By Julianna Duerksen
“The earlier they’re in school, the earlier they’ll read.”
“Kids need preschool to learn to sit still so they can learn in kindergarten.”
“Children will never be socialized if they haven’t experienced a classroom.”
Such are the mantras the public education system has drilled into our brains. So much so that even we homeschool mamas can easily start feeling the pressure to start formal schooling earlier and earlier.
I risk being controversial, even in the homeschool movement for saying this, but it’s true! The later, the better!
What early education expert and homeschool pioneer Dr. Raymond Moore argued in his groundbreaking book “Better Late Than Early” is just as true today as it was in 1975. In fact, Moore’s book launched the modern homeschooling movement! Moore states the obvious, but perhaps not-so-obvious in a world where universal, all-day preschool is becoming more and more common:
“The family and the home are the foundation of our society… What the child needs most to grow well is a warm one-to-one relationship with a parent (or parent figure) who is always there to comfort and guide him. During the first crucial eight years [and we homeschoolers argue even longer!], the home should be the child’s only nest and parents the teacher for their children. The child requires affection and emotional security more than learning skills, when he should be able to get ready for life unfettered by [school].”1
And yet, our culture continues to pressure us moms to “get it right” and start homeschooling as defined by curricula and bookwork as early as possible. As a staff member of a homeschool organization, I can’t count the number of times I hear the question “what is the best preschool/kindergarten curriculum?”

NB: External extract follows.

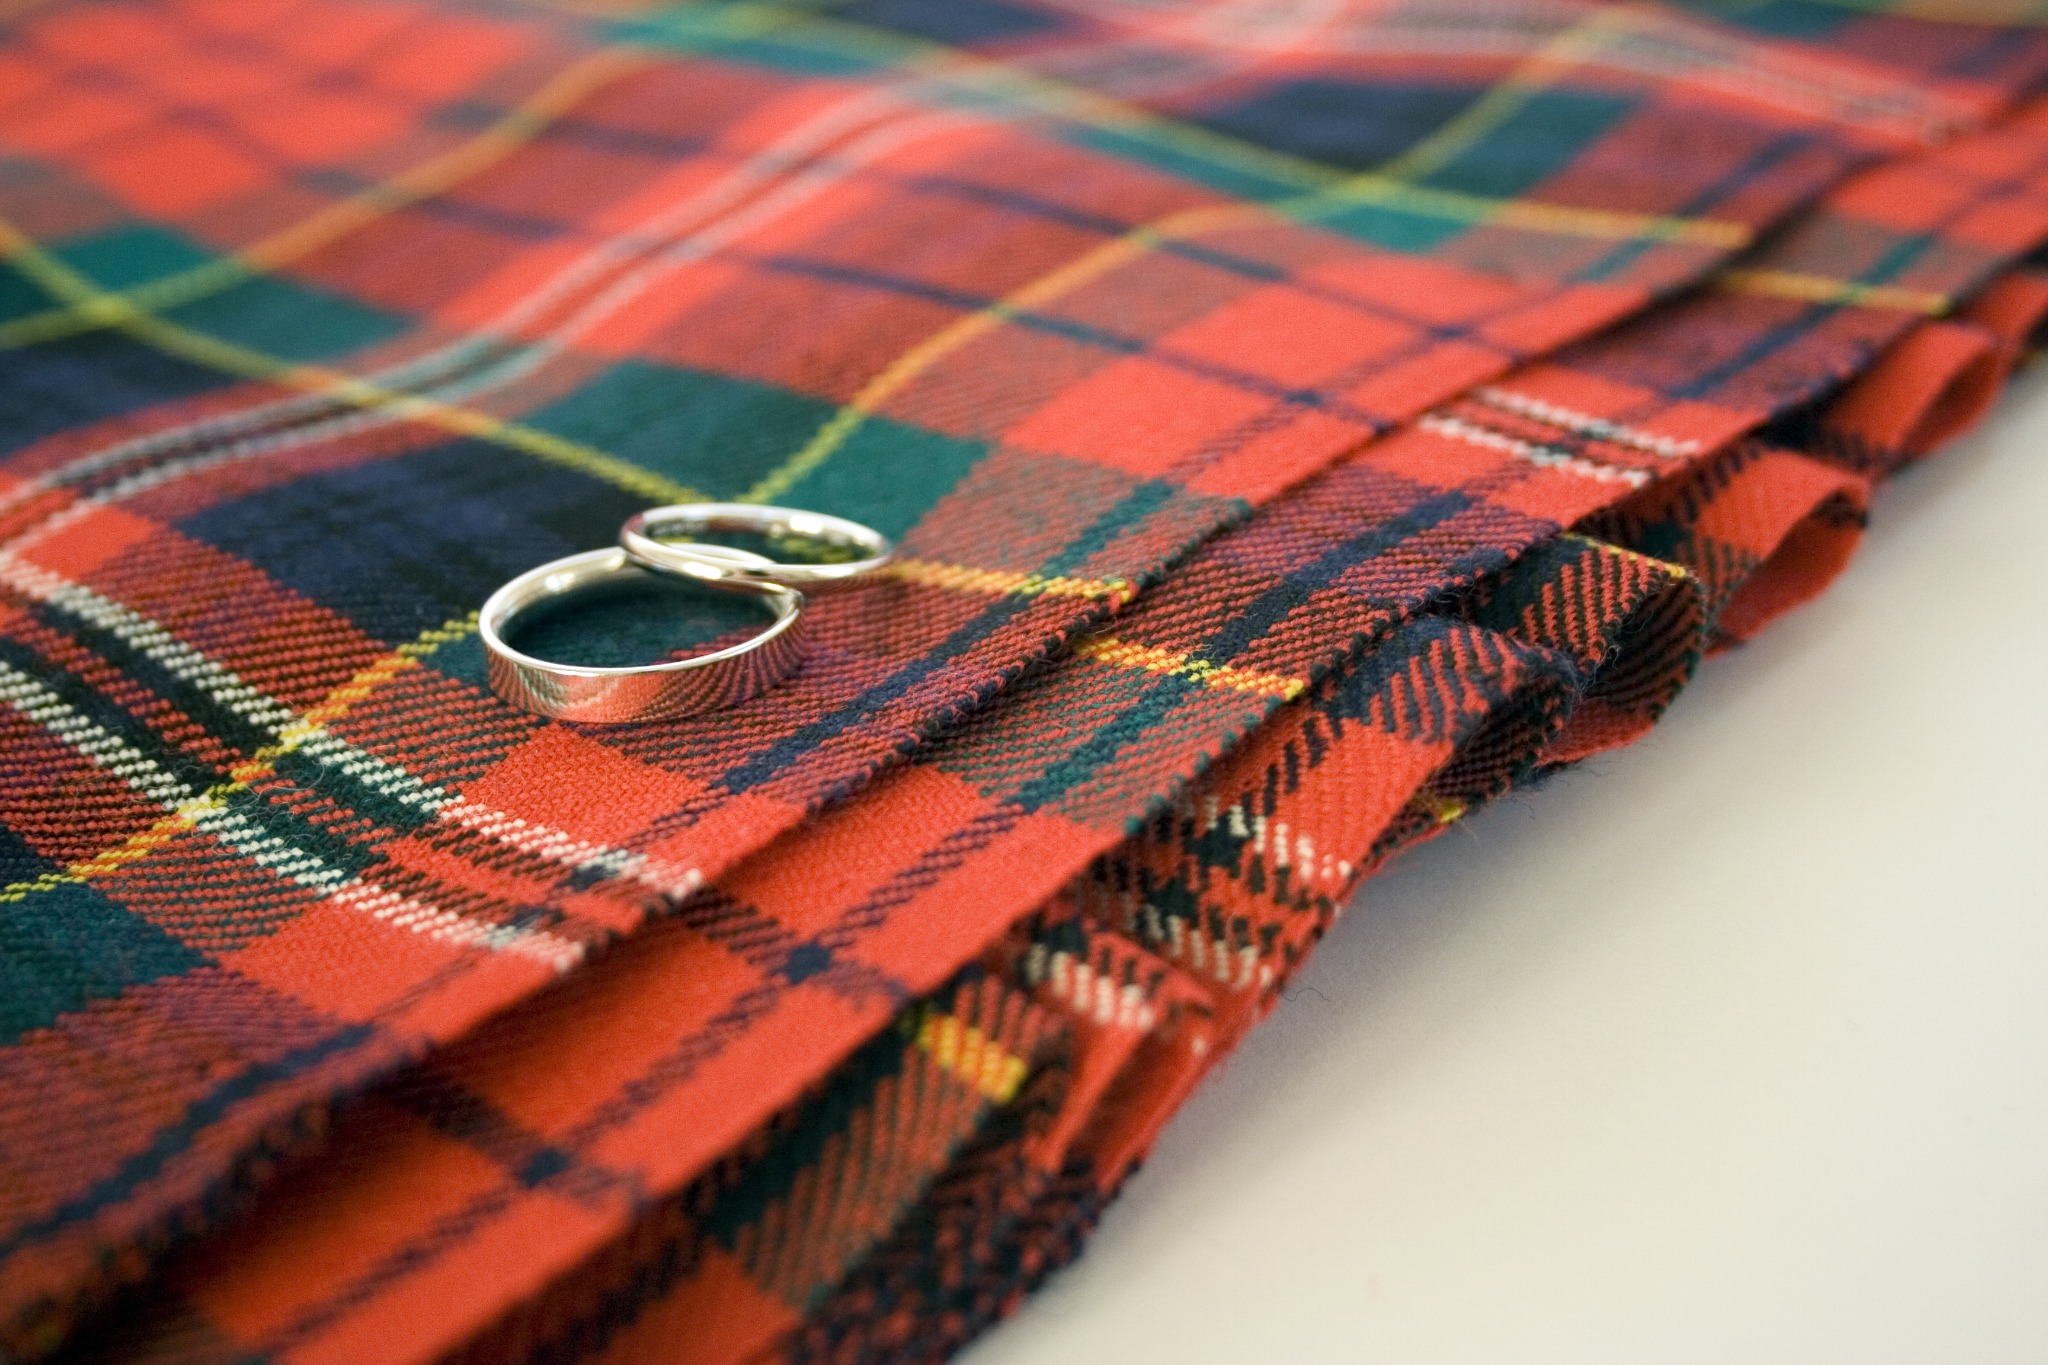 Wedding rings on a piece of red tartan

“None!” I emphatically say. Five, six, seven, eight year olds don’t need a fancy curriculum set, nor will they learn best while sitting at a desk filling out workbooks for four hours a day. In fact, this mindset, imposed upon us by the ‘higher-ups’ of public education (which is definitely not working, as shown by alarmingly low literacy rates and test scores) actually squelches that natural love of learning and wonder with which every child is born.
Instead, we as parents have the amazing privilege of teaching our children in the most optimal environment possible: the everyday life of our homes. Raymond Moore points out practically how our young children can best learn in the home, including independent, solitary play time, reading aloud good books, and helping with family chores:
“Children should be given time to build a solid base in a relatively quiet, uncluttered and predictable environment… The brighter the child, the greater his need for solitude.”2 The best socialization happens, he points out, not in groups, but by “learning to relate to a few people who are important to them — usually their family.”3 Again, “one of the best ways for parents to help in their children’s social development is to become involved with them in the daily chores and activities of the home.”4
Furthermore, in the homeschool setting, education can’t happen without the foundation of character. ABC’s will be learned — I promise — but teaching obedience doesn’t happen without consistency and intentionality on our part as parents. Raymond Moore believes this season of early character development is crucial: “If a parent wants a happy child and really loves him, he will wisely and consistently require obedience… Some parents, in desperation, send their problems to the preschool, hoping that the teacher may be able to do what they could not do, or are too lazy or undisciplined to do… Then if a child returns to a home in which he is the victim of inconsistency and indulgence, he will be further confused and will eventually be alienated from his parents.”5 This foundational training to help our children understand authority and obedience creates the culture in which wonderful homeschool lessons can happen as they grow older! If you’re looking for biblical, practical resources to help with this, I highly recommend Shepherding a Child’s Heart by Tedd and Margy Tripp and Parenting by Tedd Tripp. We also offer the CHEC Early Years Guidebook, which has a lot of practical advice for how to foster a love of learning in your infants through second graders. (Available here.)
Finally, Dr. Raymond Moore has done extensive research on young children’s auditory, visual, and cognitive development, proving that waiting until later to begin formal schooling actually increases a child’s love of learning and potential to succeed. The research is compelling, but very detailed, so I highly recommend you check out his research in his book Better Late Than Early!
So anxious mama … relax! No matter how early your friends’ kids are starting school, or what the latest parenting trends on Instagram are, know that by waiting until your child shows readiness to start formal homeschooling,6 you are doing him or her a huge favor! Plus, that means we get to relax, have fun, and enjoy slow days of exploring with our little ones!